All of these variables can be accessed through epro_2019 e.g. `epro_2019.strata_df`.

Note: Once `epro_2019` has been created, all computational routines can be accessed using this object.

Note: The run below will print the statements: `A check of the initialization file needs to be done!, A check of the survey year file needs to be done!, We are using our own biomass density calculation!` these can be ignored as they are reminders. 

In [2]:
epro_2019 = EchoPro(
    init_file_path='./config_files/initialization_config.yml',
    survey_year_file_path='./config_files/survey_year_2019_config.yml',
    source=3,
    bio_data_type=1,
    age_data_status=1, 
    exclude_age1=True
)

A check of the initialization file needs to be done!
A check of the survey year file needs to be done!


In [3]:
%%time
epro_2019.load_data(file_types='all')

CPU times: user 3.57 s, sys: 32.1 ms, total: 3.6 s
Wall time: 3.65 s


In [4]:
%%time
epro_2019.compute_biomass_density()

We are using our own biomass density calculation!
CPU times: user 28.9 s, sys: 36.5 ms, total: 28.9 s
Wall time: 28.9 s


## Jolly-Hampton CV Analysis

Here we compute the mean of the Jolly-Hampton CV value for data that has not been Kriged.

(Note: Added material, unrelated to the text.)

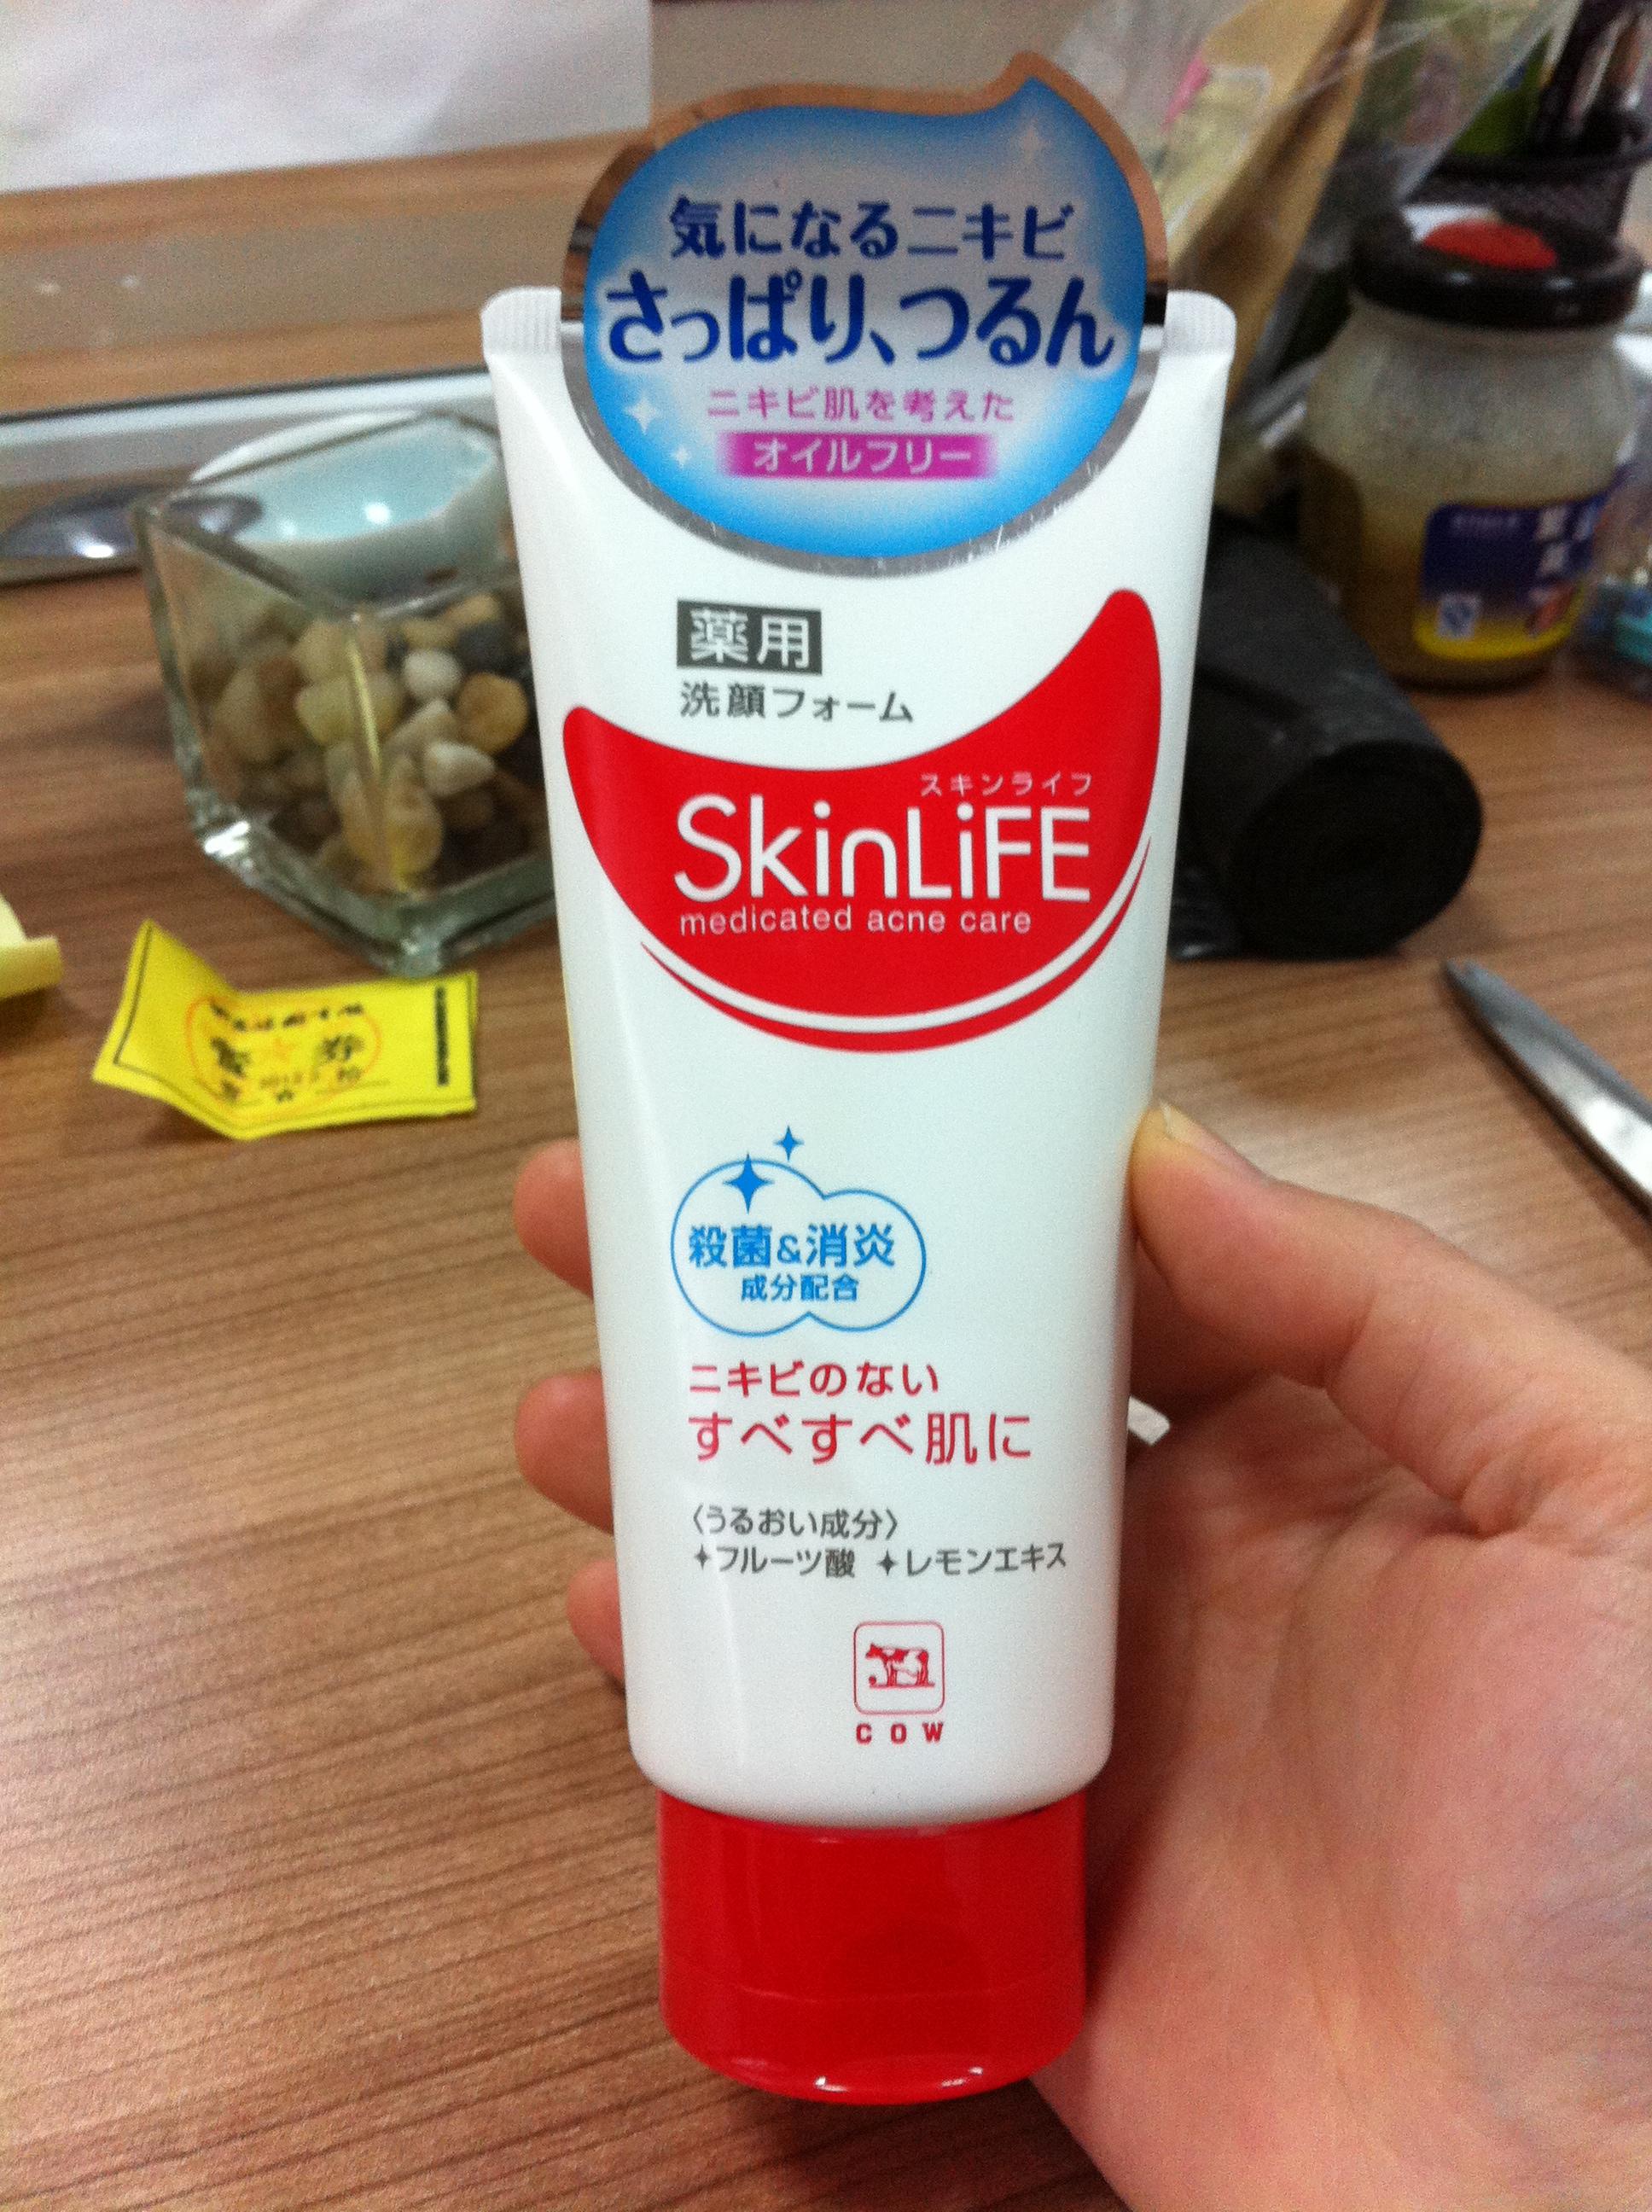 日本Cow牛乳 skinlife 祛痘洗面奶,大家用过没呀

Note: the algorithm used to compute this value is random in nature. Thus, different runs can produce slightly different values.

In [5]:
%%time
lat_INPFC = [np.NINF, 36, 40.5, 43.000, 45.7667, 48.5, 55.0000]  # INPFC
CV_JH_mean = epro_2019.run_cv_analysis(lat_INPFC, kriged_data=False)

CPU times: user 4.35 s, sys: 7.96 ms, total: 4.36 s
Wall time: 4.36 s


In [6]:
# The output should be approximately CV_JH_mean = 0.1337
CV_JH_mean

0.13377903047551687

## Obtain Kriging Mesh Data

Here we obtain the mesh and data, which will be necessary to compute the semi-variogram calculation and actually perform the Kriging. 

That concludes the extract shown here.